This just boggles my mind. Every religion has its sins, whether it is birth control or pork. I don’t want this to turn into a pile on, but in the effort to understand your POV better, I have to ask about the idea that a person who has devoted more time in study of his profession should have more leeway on expressing his religious beliefs at work.
Would it matter to you if the clerk at the Target happened to be, say a former Muslim religious scholar, who studied Islamic law for a matter of years, and is working nights at the Target so he can earn the money to start up a new mosque in town or something? I ask because I’m just not following what training has to do with any of this at all.
I used to live by a gas station where the night shift guy was a Christian fundie. He refused to sell me Maxim magazine. The other people in line probably thought I was trying to buy Barely Legal.
but it makes me want to experiment to see where the boundaries are.
Okay, they don’t want to handle bacon, and I assume the same for ham and pork chops and such.
But what about a can of pork and beans? You know, the ones with that tiny chunk of pork fat included?
What about frozen pizzas? Do they check the ingredient list to be sure it doesn’t have sausage on it?
Do they triple check your package of hotdogs? Some are all beef, some are chicken or turkey, but a heck of a lot of them include at least some pork.
How about a nice box of lard?
Or tortillas – many of them have lard among the ingredients, so ditto for frozen buriots and such.
Also, I question the whole ‘work around’ of having the customer scan and drop the offensive substance into the bag. If the prohibition is on selling pig products, then to me the essence of ‘selling’ is accepting money for the goods.
Actually, we passed that point when 19 of them decided to become pilots.
Note that these folks are nutters, I’ve known several muslims who had no problems handling pork products. They’d even eat a meal containing pork, while carefully setting the pork portions aside so they didn’t consume them.
It’s like the whacko fundies in Iraq threatening to kill people for selling ice, since it wasn’t available in Mohammad’s time, and thus forbidden, while forgetting that the AK-47 they’re carrying didn’t exist then, either. (Matter of fact, gunpowder wasn’t even around at that point, so they can’t even claim that the weapon is just a descendant of something that was around in his time.)
And what about me?

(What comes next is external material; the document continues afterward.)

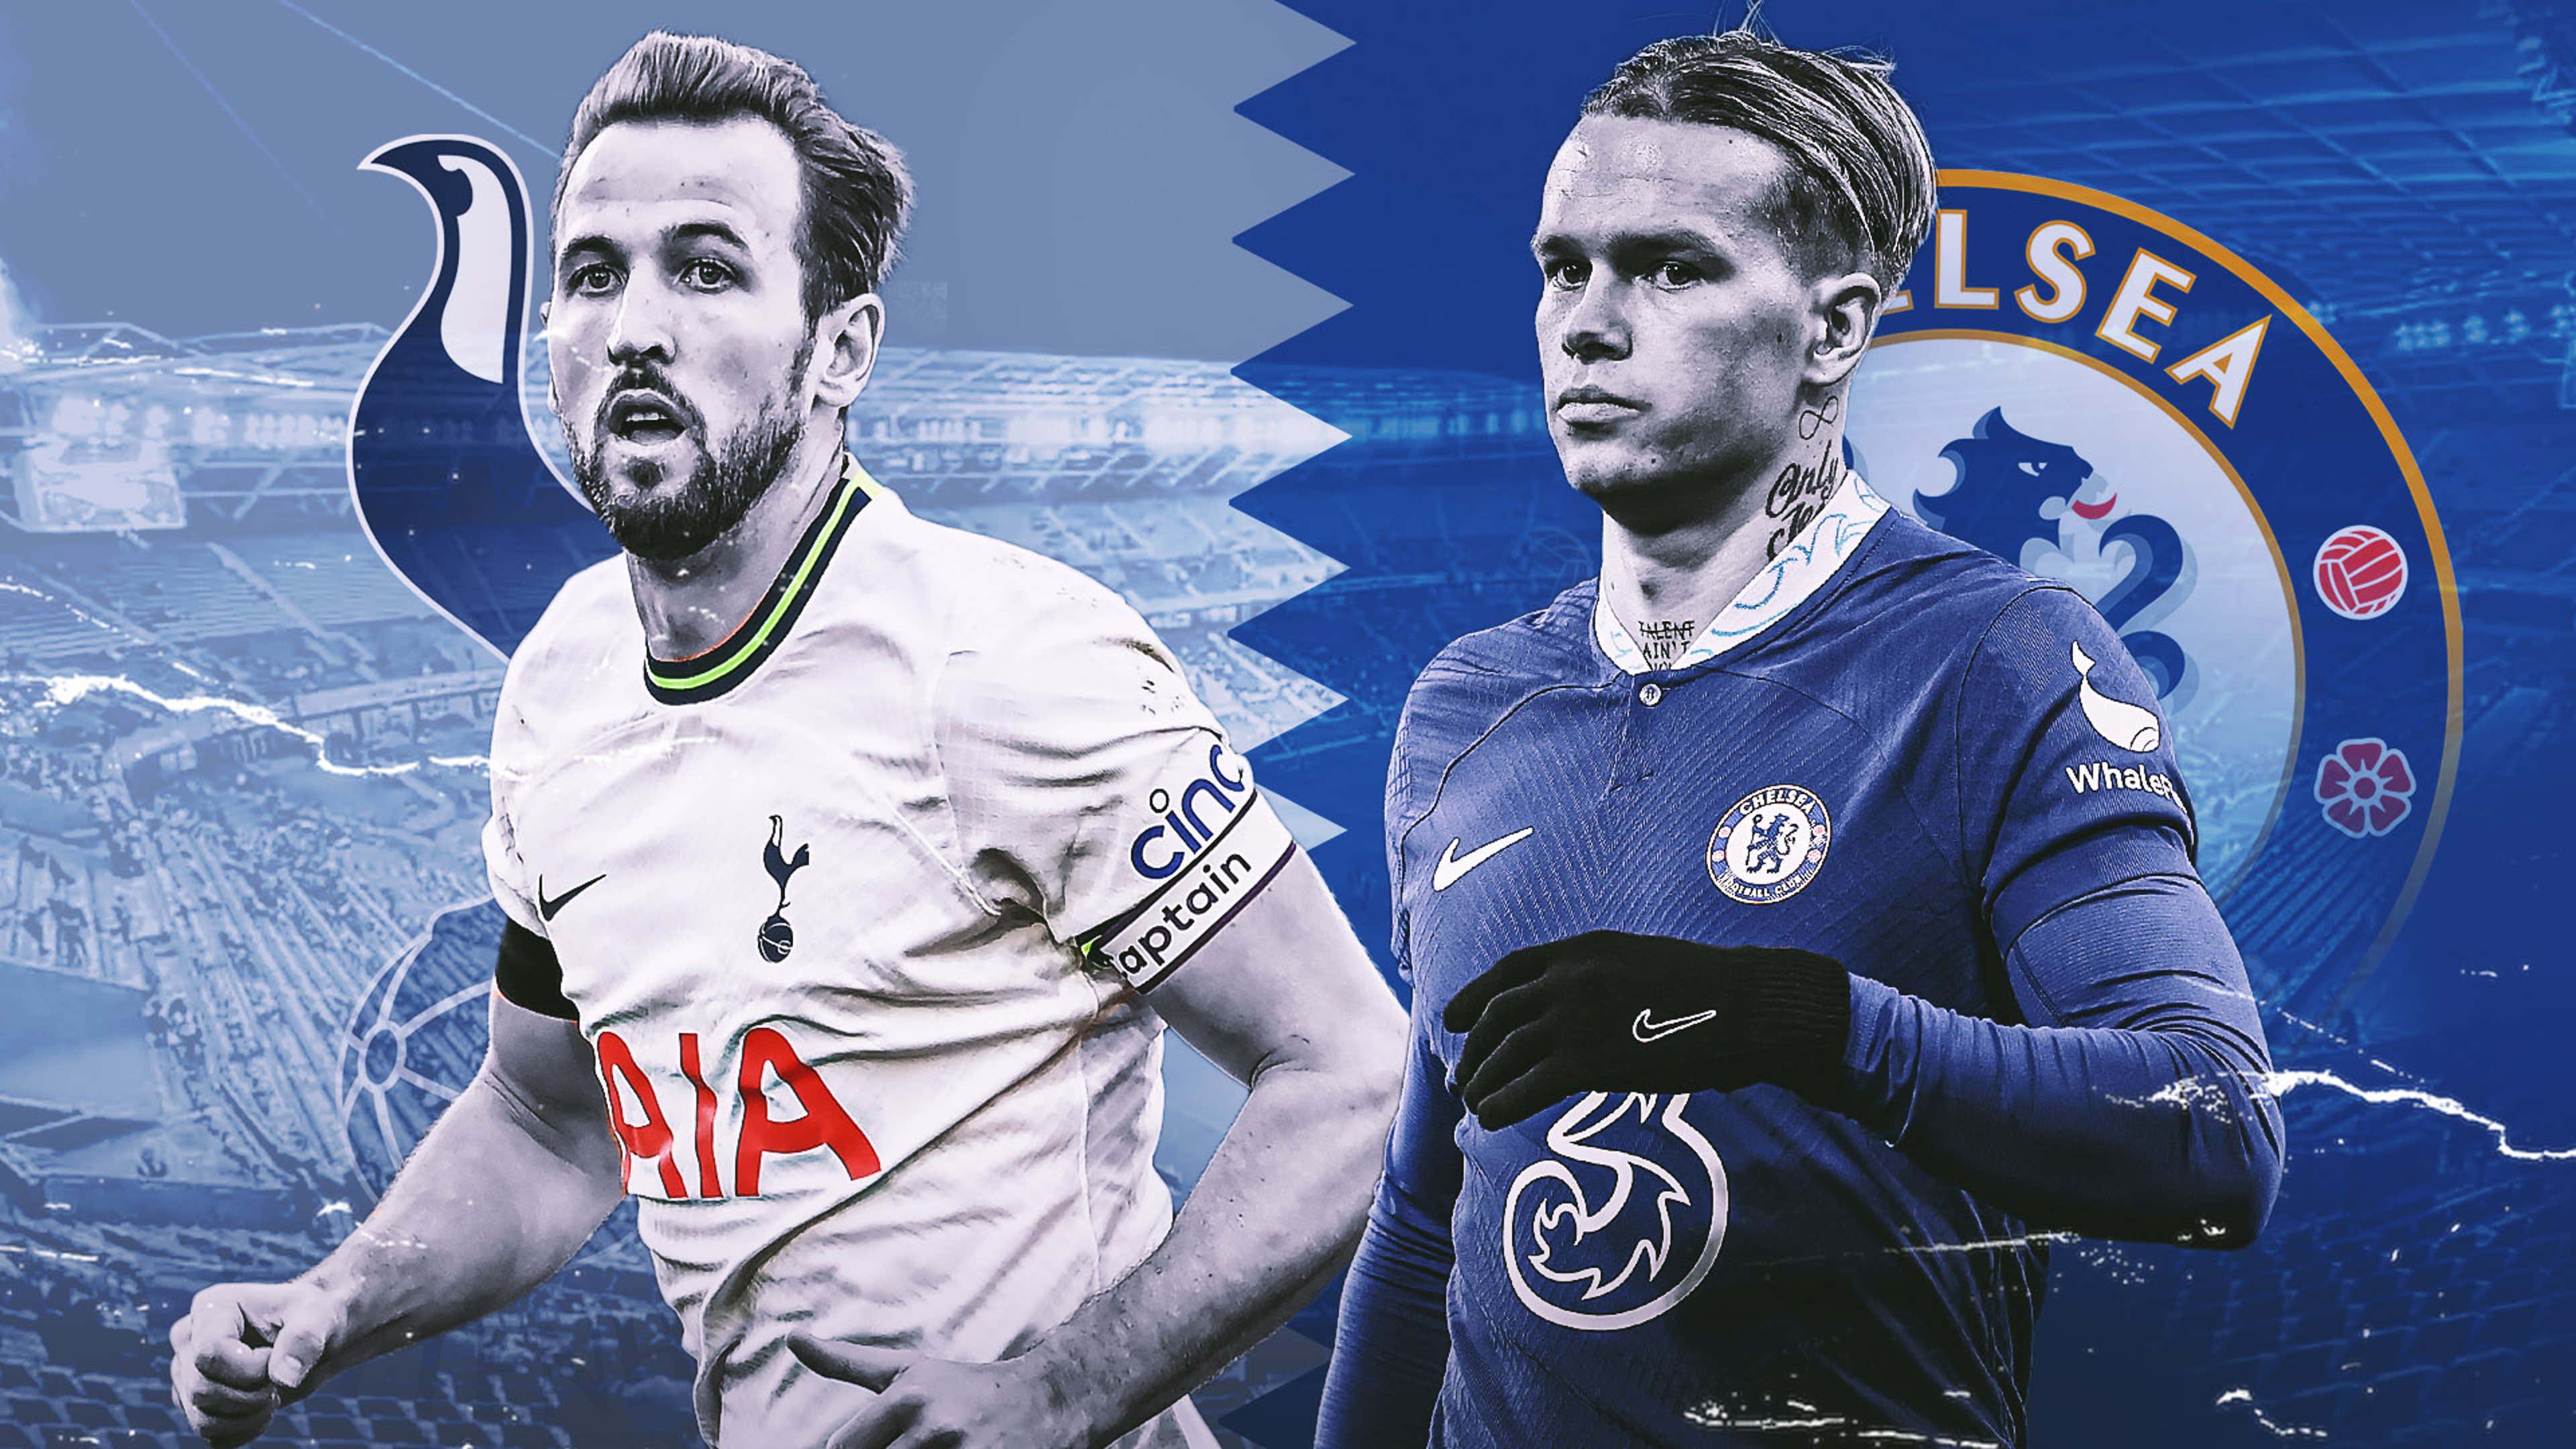 Tottenham Hotspur vs. Chelsea, Premier League: Live blog

My religion abhors the handling of … um… Cheetos. Can we make a “No Cheetos” line for me to work at? And my friend Billy over there, he can’t handle tampons. Apparently, his religion thinks tampons are “unclean.” Well, shyea! I guess I can see their point. So, a “No Tampon” line, too.

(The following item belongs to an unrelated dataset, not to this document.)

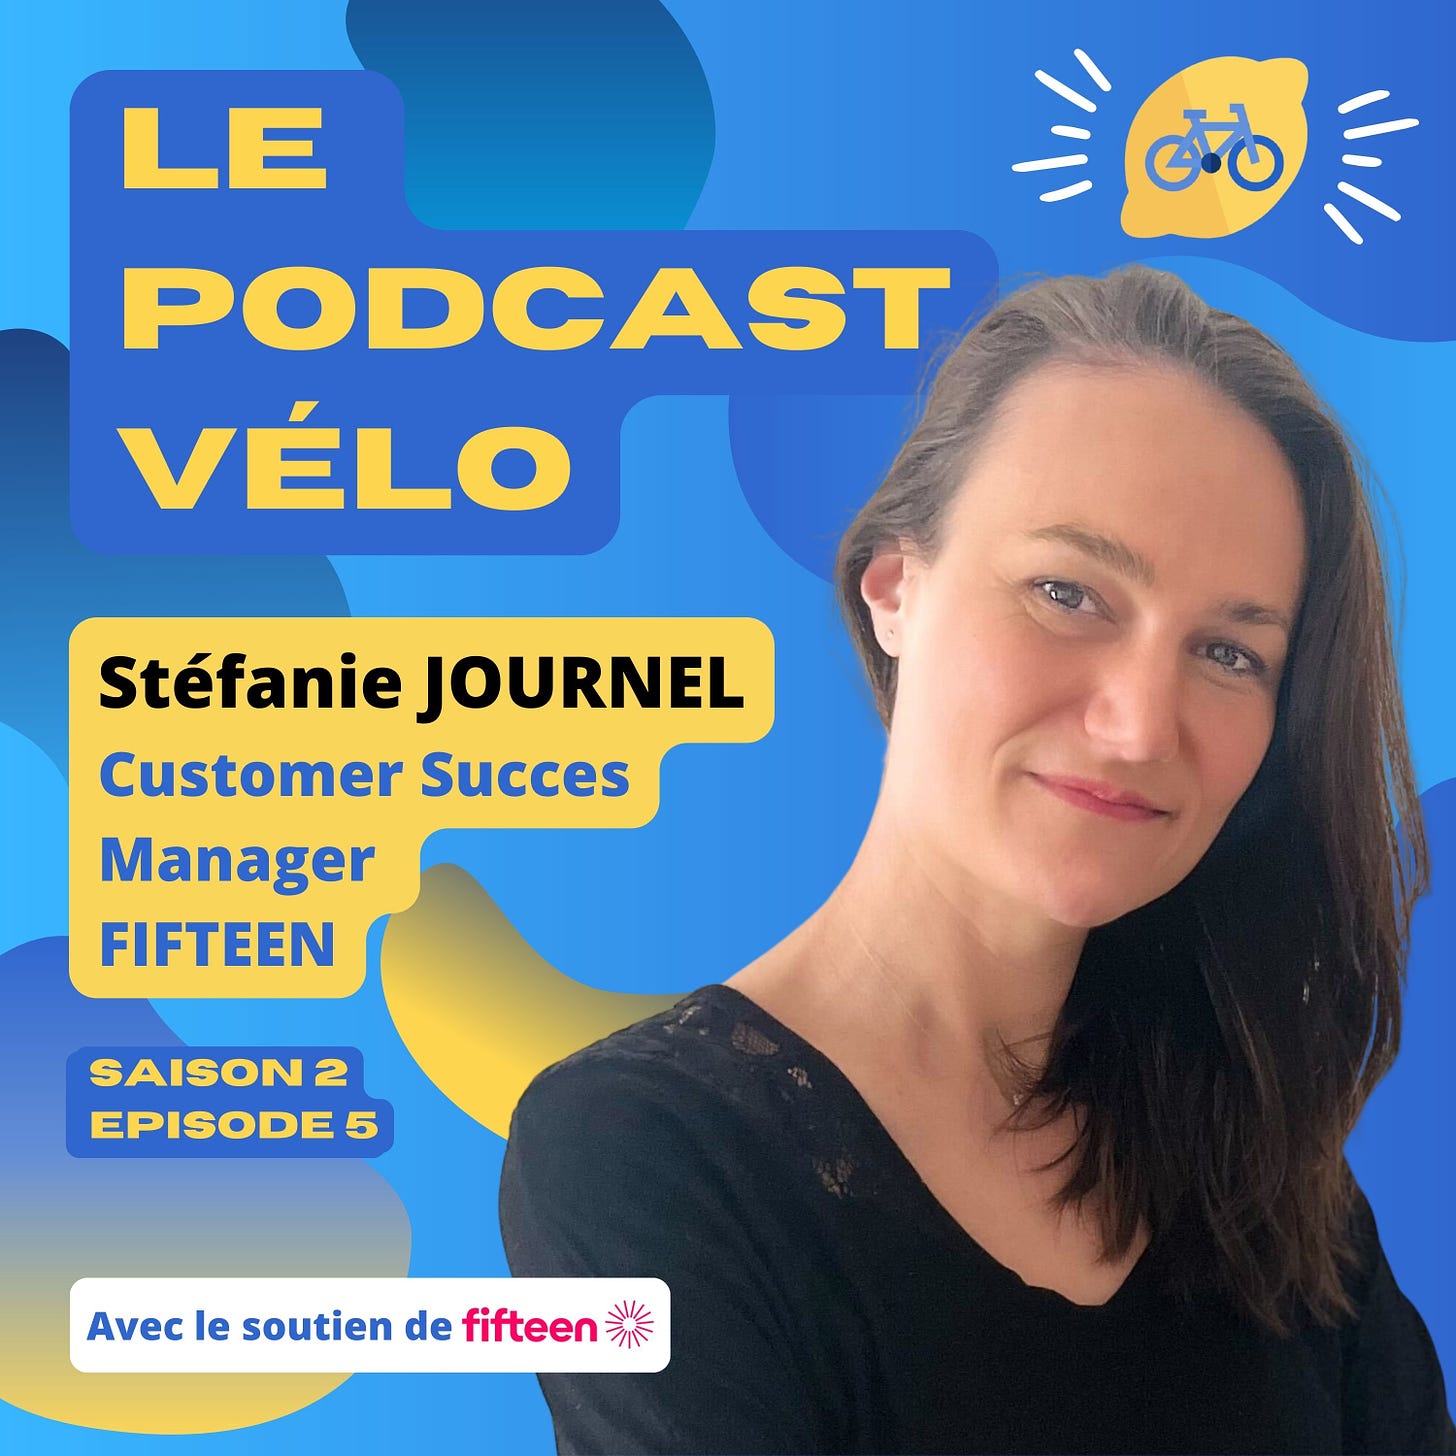 Vignette de l'épisode de podcast de Stéfanie Journel

I suppose you have ancient scripture that you believe to be Divine Revelation, and a tradition of theological scholarship to back up those prohibitions? :dubious:
It depends on how far the employer is willing to go! My assumption would be that if the manager accomodated the Muslim cashier, and then got a bunch of different requests from other employees, they would then decide it all wasn’t worth their trouble. What would probably happen then is that they would reverse the decision and end up not accomodating any of the requests, including the one from the Muslim.
That was kind of the point of my post…it’s not about saying “we should” have an aisle for this or that, but more that the supermarket has the right to run the store according to what will work best for them. If it works out to their advantage to have a “No-Pork” aisle, then they will have one. If it doesn’t, then they won’t. And I would consider it the same for the other scenarios you mention.

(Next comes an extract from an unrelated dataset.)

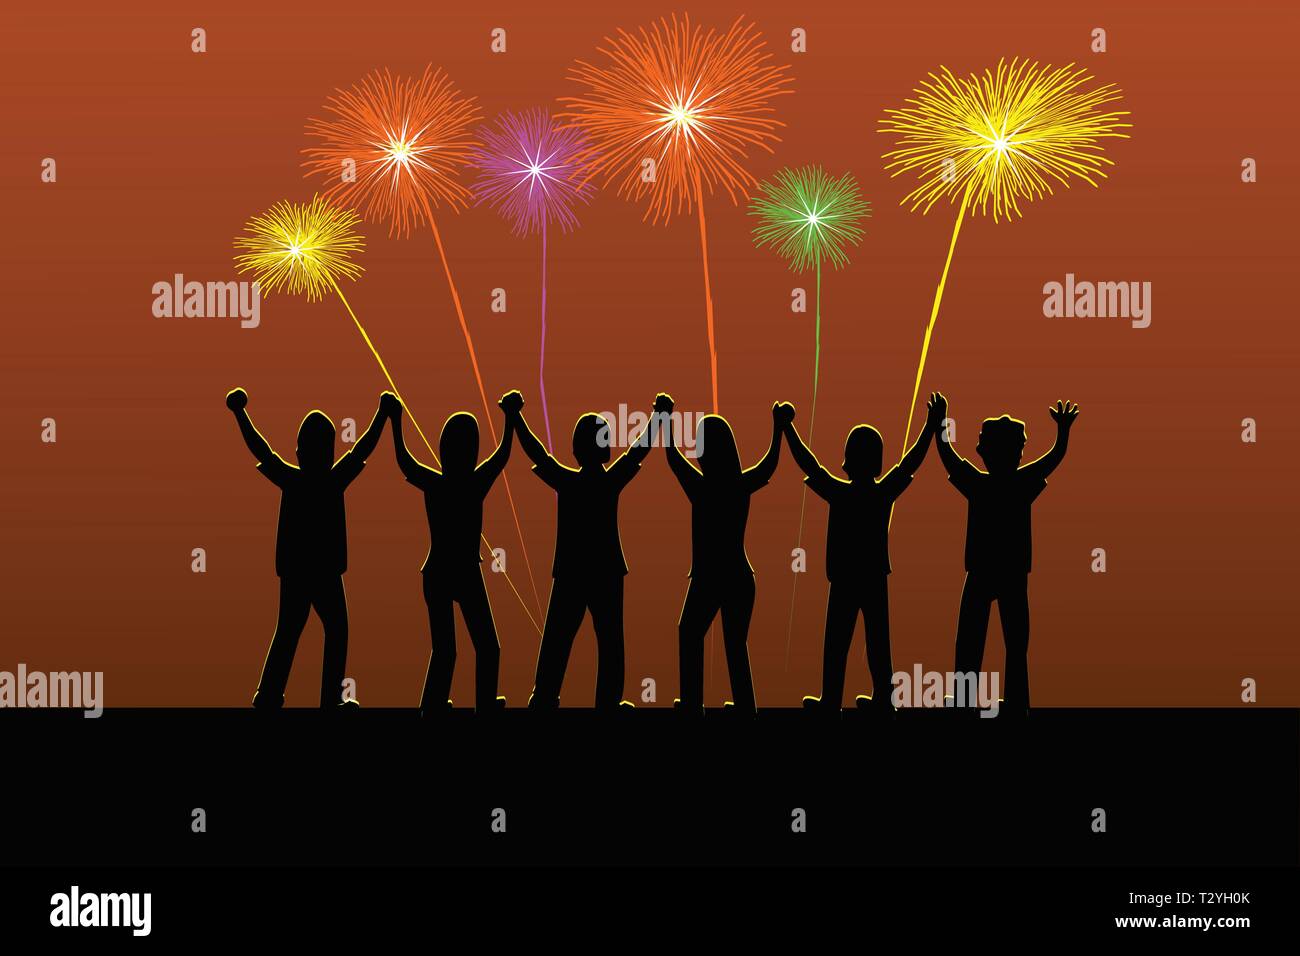 Sechs silhouette Menschen halten ihre Hände gerne wenn es Feuerwerk Blitz am Himmel. Stock Vektor

See my previous post. My point is that it depends solely, in my mind, on what the employee can work out with the employer. If you can convince the supermarket manager that you need a “No Cheetos” line, then more power to you.
My point being that I am neither supermarket cashier or manager, so it’s really not up to me to decide what is reasonable in this kind of circumstance. As a customer, I might be annoyed by having special aisles, and that may have an effect on the manager’s decision, but other than that, it’s really just a deal between the two of them.
It makes me want to fill a cart with groceries, load them on the conveyor belt, pass the bacon through first and if the clerk refuses to ring it up, walk away and leave him to restock it all.
Repeat as necessery until the store manager restocks his balls.
Not evil, just a way of pointing out potential hypocrisy. Problem is, it never works. It’s like that list of prohibitions from a selective reading of Leviticus that gets emailed around as a response to Christian fundies’ selective reading of the Old Testament. No wearing poly/cotton blends, no eating shellfish, no haircuts, and so on.
Enabling others to sin is generally counted as a sin by Christians (wide, sweeping generalization, but there you go.) Nonetheless, these two cases are relatively similar, and it seems like the solution of transferring the transaction to someone else is an entirely workable solution, especially for the Muslim cashiers. Why make a fuss when none is necessary?
There are pharmacies that won’t sell the morning-after pill. Why can’t a pharmacist who doesn’t want to dispense them work there? That sounds easier than trying to make a conflict at your own workplace.
Look, I know that just because something is ancient doesn’t automatically lend it credibility. I struggle with the concept of Divine Revelation myself. But it’s insulting and facile to just dismiss scripture and consign all people who believe in it to idiocy. It’s beneath an intelligent atheist to use such spurious logic.